The crew had scattered all over the island; however, every morning, we all reached the west side of Nassau, where the Black Star was located. The ship had been run aground sideways on a steep beach, favoured for careening, then pulled up with bollards from the mastheads to strong points on the beach. All of Arenis' crew members had to contribute to her refit. The work was progressing well, if a little slowly. Arenis had paid a dozen carpenters in advance, who had measured the gash in the hull and formed two teams to search for and cut wood. The dense vegetation beyond the beach had been completely cleared.

Arenis, with her hair tied back and the hems of her trousers rolled up to her knees, supervised the work and at the same time fixed the places where the wood had begun to rot. She did not stop for a moment to rest, not even when the sun became so hot it burnt her skin. The rasping of the saws was continuous, as was the endless chatter of the men. Some whistled joyful tunes, while others could not stop complaining about all the heat. Nevertheless, they were all working hard, naked to the waist and completely drenched in sweat. I, fortunately for me, had been assigned by Arenis to scrape off and burn the seaweed and crustaceans that had stuck to the keel and was well sheltered from the shadow of the ship.

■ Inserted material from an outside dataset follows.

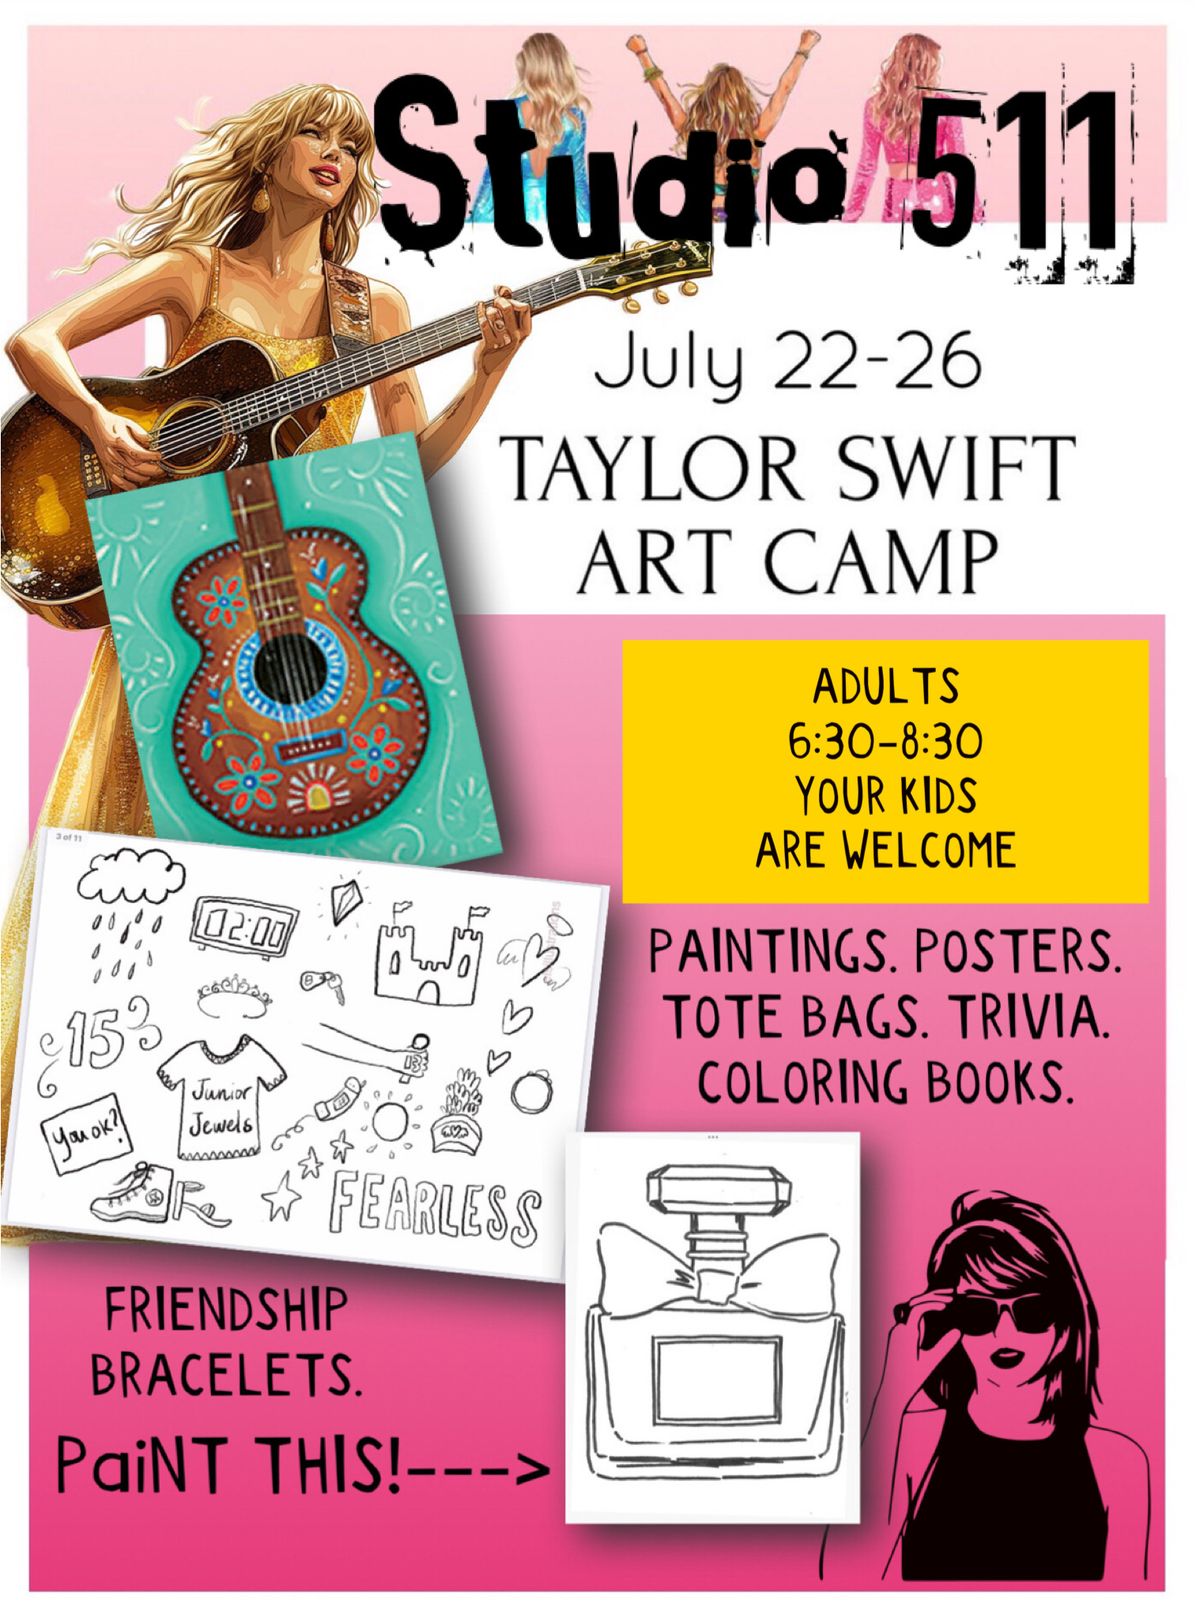 Evening Taylor Swift Art Camp

Pitch was melted in large cauldrons. This bubbled over the fire relentlessly and the men used it to waterproof the hull.

The work was not so bad. I mostly copied what others did and no one complained about my inexperience in that field. Arenis always made sure I understood before letting me do it myself.

I stayed the night at Dinnington's. The little house -that's what he called it- was nothing more than a wooden hut with three rooms; the kitchen and two bedrooms. It was not a spacious room, but at least it was clean. To repay him for taking me in, I did the housework. I would clean, cook what few recipes I knew and do the laundry. One evening I tried to prepare corn porridge, but the more I stirred, the lumpier and harder it became. I plated it and put it on the table anyway, but as soon as Dinnington saw that yellowish and not at all inviting consistency, he shook his head and let out a laugh. "What do you say we go out to eat? I'm sorry to say this, but I have no intention of touching your porridge."

"I don't know where I went wrong. I did everything as the grocery shop owner told me, yet it came out like this."

"Come on, throw everything away. This morning I saw a stall selling dried meat and fried bananas."

Nassau was always the same, always chaotic and full of life. Holding a small paper bag overflowing with fried bananas, Dinnington and I stroll around the city, looking at stalls and shops.

The sky darkened and a downpour came down. On the streets of Nassau there were rivers of water rushing violently, overturning carts and chairs. I took off my shoes and with my bare feet walked carefully through the rain. Dinnington, his beard soaked and a hand on his forehead to shield his eyes, ordered me to get to the nearest tavern as soon as possible. A few metres ahead, however, I noticed Arenis and Louise, sheltering under a canopy, both holding wooden swords.

"Oh, Eveline! Eveline!" called Louise, raising her sword in the air and waving it to attract my attention.

I slipped under the canopy quickly and blinked, then wiped my eyelids dry with my fingers. "Captain. Louise," I greeted. "What are you doing?"

"The Captain is teaching me how to fight!" replied Louise, excitedly. "However, we were interrupted by rain and had to seek shelter."

"Oh! How's it going?"

"Good. I think?" Louise shot a doubtful look at Arenis and, as she said nothing, continued: "I'm learning to parry. That's so exciting! I can't wait to use a real sword!"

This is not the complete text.